A group of eminent persons today expressed concern about the “precarious state of affairs” in Venezuela and called on the international community to “remain firm and persistent” in demanding a free and fair election in next month’s standoff which pits incumbent Hugo Chávez against opposition candidate Henrique Capriles (left).
“The situation in the country is marked by a high degree of uncertainty, because no one knows to what lengths Chávez might go to retain his grip on power,” says the group,* which includes Nobel Peace Prize laureate Desmond Tutu, former German president Richard von Weizsäcker, Nobel Peace Prize laureate and former South African president Frederik Willem de Klerk, French philosopher André Glucksmann and Roman Catholic theologian Michael Novak.
“What is clear is that the regime appears increasingly determined to ensure its survival by any means necessary,” say the signatories,* members of the Prague-based Shared Concern Initiative. “Chávez has all the normal advantages of incumbency, but can also be expected to use every available administrative resource at his disposal to ensure re-election.”
In the run up to the poll, there is one question at the forefront of everyone’s mind: does Hugo Chávez still have it? writes Francisco Toro:
By “it”, I mean his legendary, intense, emotional connection with the poor – a kind of attachment that has, for many, a feeling of religious fervor. Of faith. “Chávez is the only one who has ever really cared about the poor” – you hear his supporters say again and again.
But 14 years on, as even his most hardcore supporters acknowledge, Chávez’s experiment in 21st-century socialism isn’t really working. After the chaotic nationalization of most of the agro-industrial chain –, food shortages have become chronic…. Lines at subsidized government grocery shops are long, and particularly scarce commodities sell out almost the second they’re delivered.

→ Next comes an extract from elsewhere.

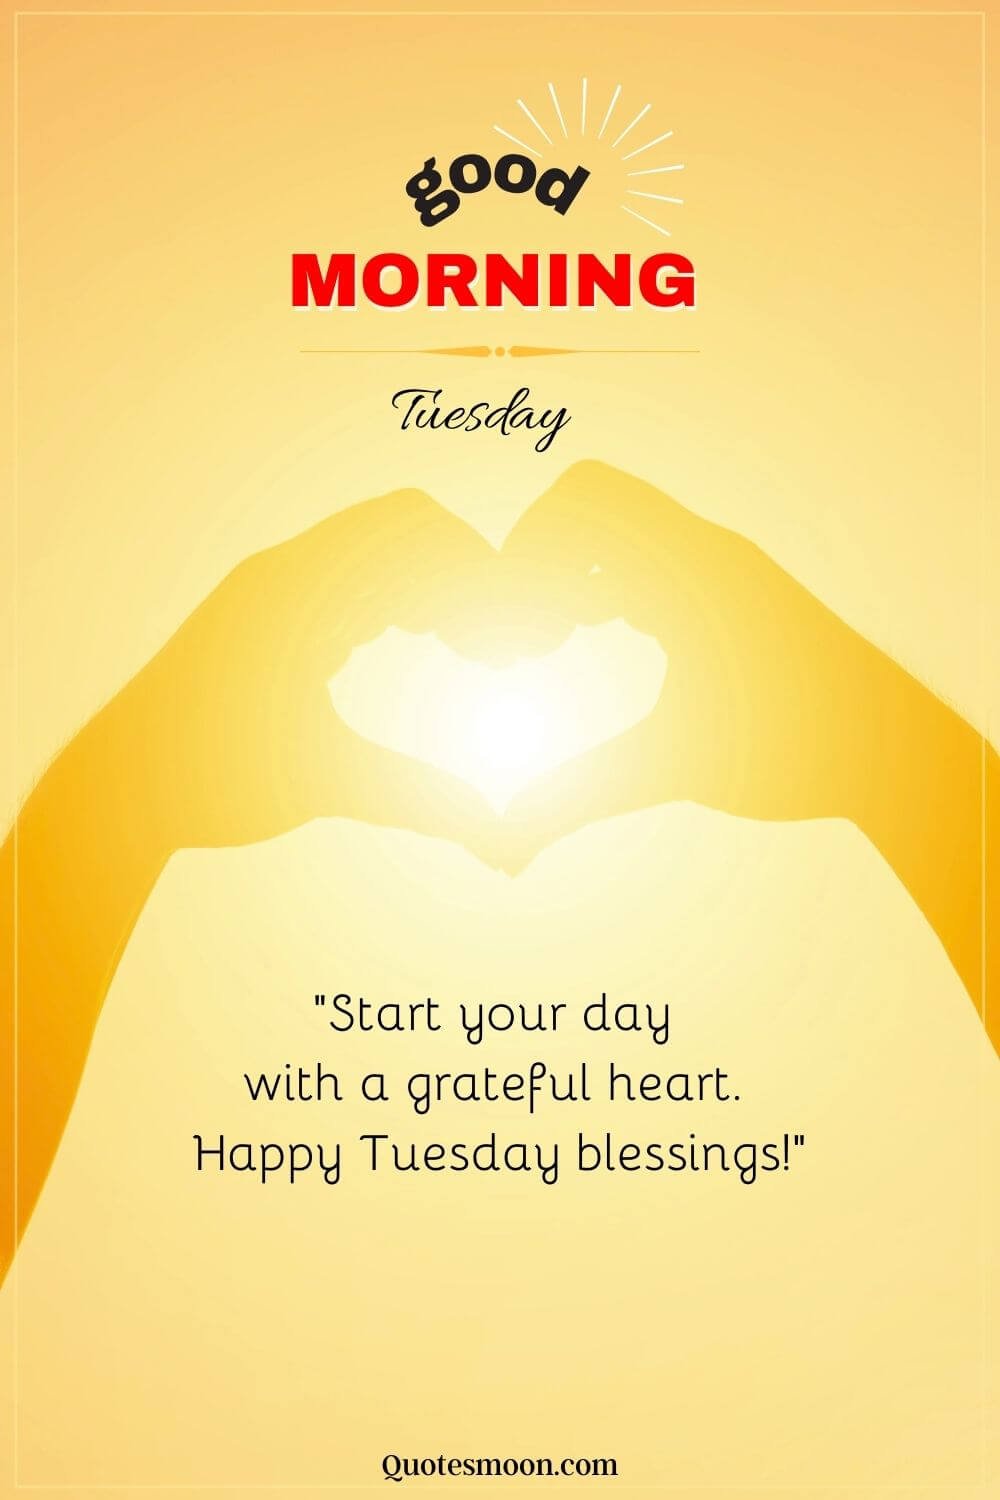 tuesday morning wishes for my love

The steel and cement industries can’t produce enough to meet the country’s housing needs; electric utilities have brought chronic blackouts throughout the country; and the phone company has failed to deliver adequate internet access. Venezuelans like to joke that Julian Assange passed over Venezuela for political asylum simply because the internet is so slow there.

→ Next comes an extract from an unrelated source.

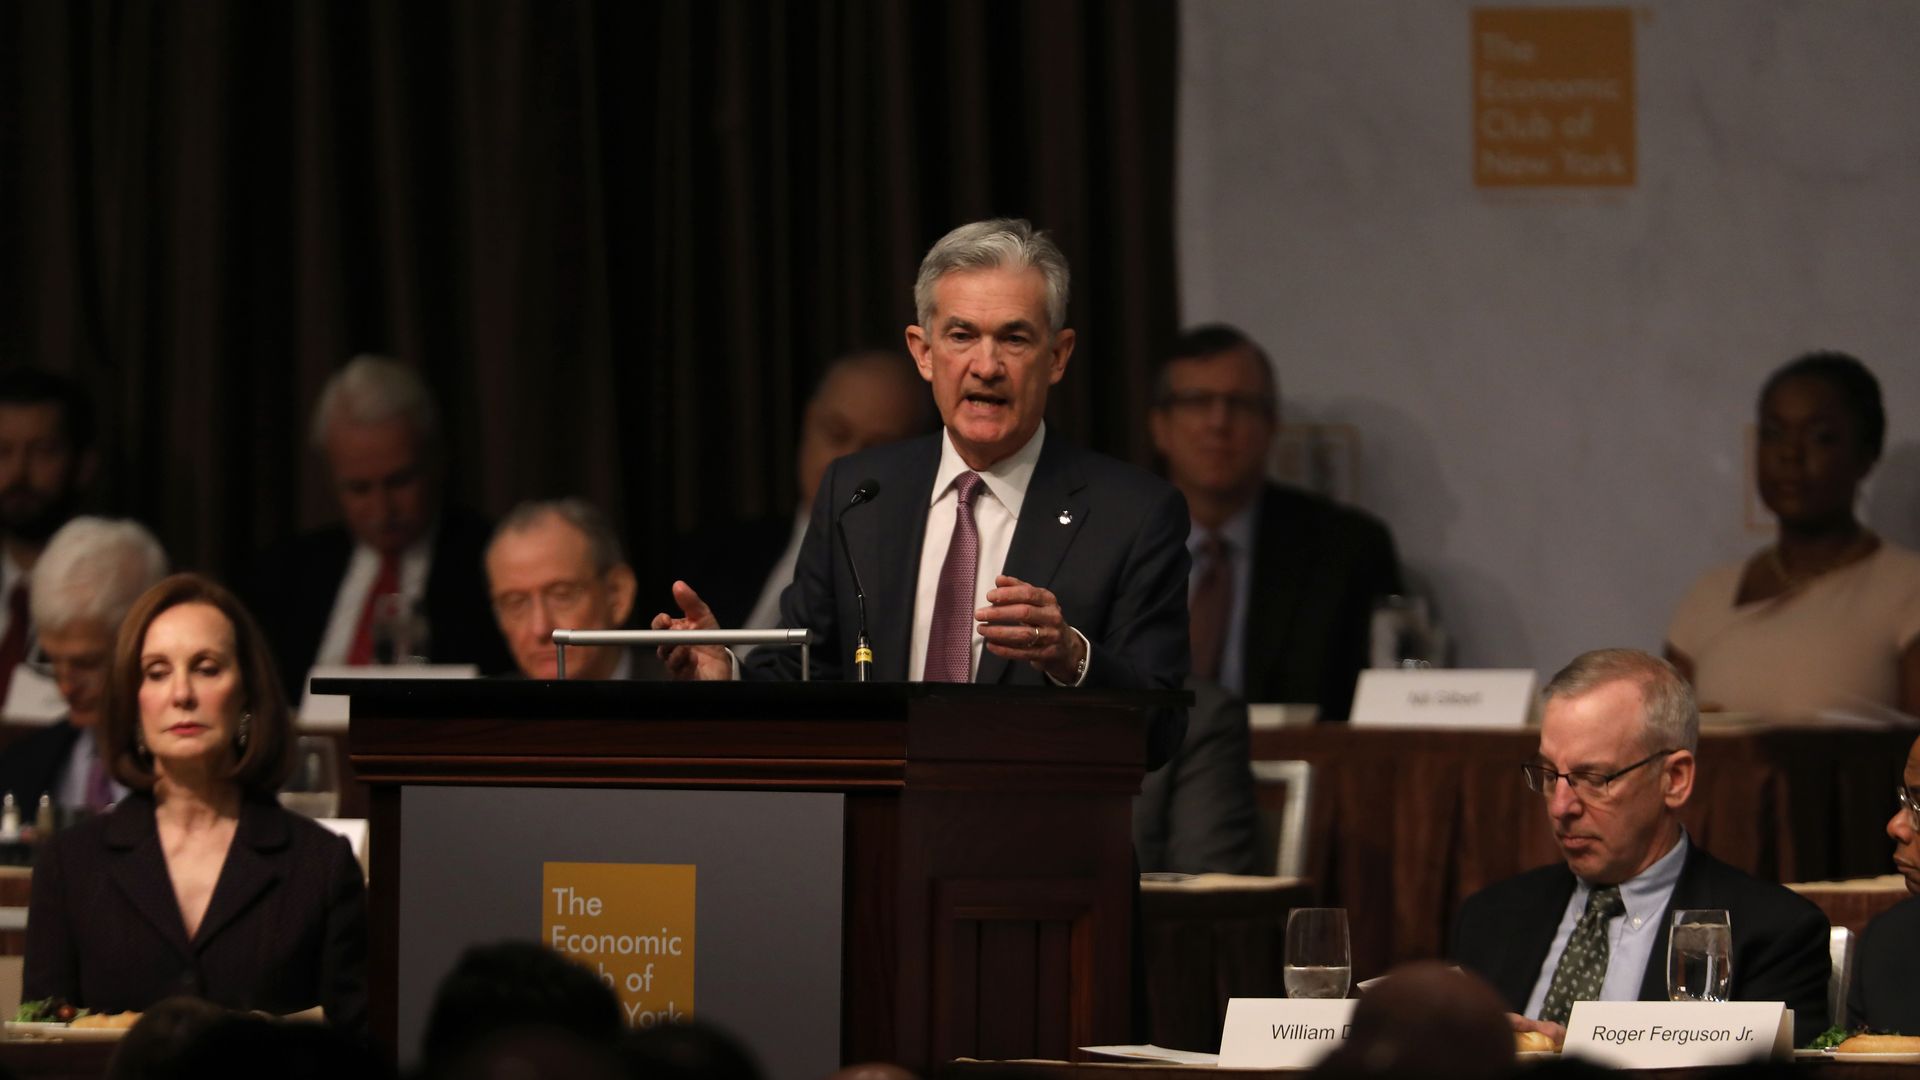 NEW YORK, NEW YORK - NOVEMBER 28: Federal Reserve Chairman Jerome Powell speaks at the Economic Club of New York on November 28, 2018 in New York City.

Analysts say a strong turnout by disenchanted ex-Chávistas could tip the balance in favor of Capriles, AP reports:
The impression has grown that the president has become too enamored of his own global legacy while neglecting basic needs at home such as infrastructure and public safety. Chávez’s election manifesto of proposals for his next six-year term trumpets abstract ideas such as “preserving life on the planet and helping to save mankind,” a “new international geopolitics” and “a continuation of the 21st century socialism.”
“The votes of those who have changed sides are key in this race because without them, it would be impossible for Capriles to win,” said Luis Vicente Leon, president of Datanalisis.
Capriles has “edged closer” to Chávez, according to recent polls, but still lags behind the incumbent in the run-up to the October 7 poll.
“It has taken Venezuela’s long-suffering opposition movement 14 years to decode Chávez’s intoxicating appeal and formulate a compelling alternative,” writes Toro, editor of the Caracas Chronicles blog:
Capriles can’t match Chávez for charisma, and doesn’t try to. But after 14 years of deepening economic dysfunction, administrative chaos and dependence on oil, he has sensed an opening for a no-nonsense campaign centered on institutionalizing the revolution’s social advances while sweeping away its legacy of political sectarianism, ideological rigidity and mismanagement.
“Never again should you have to show a Socialist party membership card to access a social programme,” Capriles says in his stump speech, invariably bringing the house down. The line hits home because every person in the audience knows someone who has been shut out of access to the latest oil bonanza for ideological deviance.
Chávez has insisted that buffalos will pass through the eye of a needle before he gives up power.
So what if he loses? The Economist asks:
He said earlier this month that a Capriles victory would lead to a “profound destabilization” of Venezuela, which might even cause “civil war”. The opposition worries that the army might back the president if he decided not to recognize defeat. In 2010 General Henry Rangel Silva, now the defense minister, said the armed forces were “wedded” to Mr Chávez’s socialist project and would find it “difficult” to accept a change of government, though he later qualified these comments. The president himself often says the army is Chávista.
Even if the army is not Chávista, though, most state institutions are. They will pose daunting problems to Mr Capriles if he wins. Should Mr Chávez win, he will try to use their power to make his “revolution” irreversible. But he is likely to find that power harder to wield in a country that is showing itself to be a lot more evenly divided than in the past.
*Frederik Willem de Klerk was President of South Africa and a Nobel Peace Prize laureate. André Glucksmann is a philosopher and essayist. Vartan Gregorian is President of Carnegie Corporation. Michael Novak is a Roman Catholic theologian [and former board member of the National Endowment for Democracy]. Yohei Sasakawa is President of the Sasakawa Peace Foundation. Desmond Tutu is a Nobel Peace Prize laureate. Richard von Weizsäcker was President of Germany. Grigory Yavlinsky is Chairman of the Russian United Democratic Party Yabloko. They are all members of the Prague-based Shared Concern Initiative.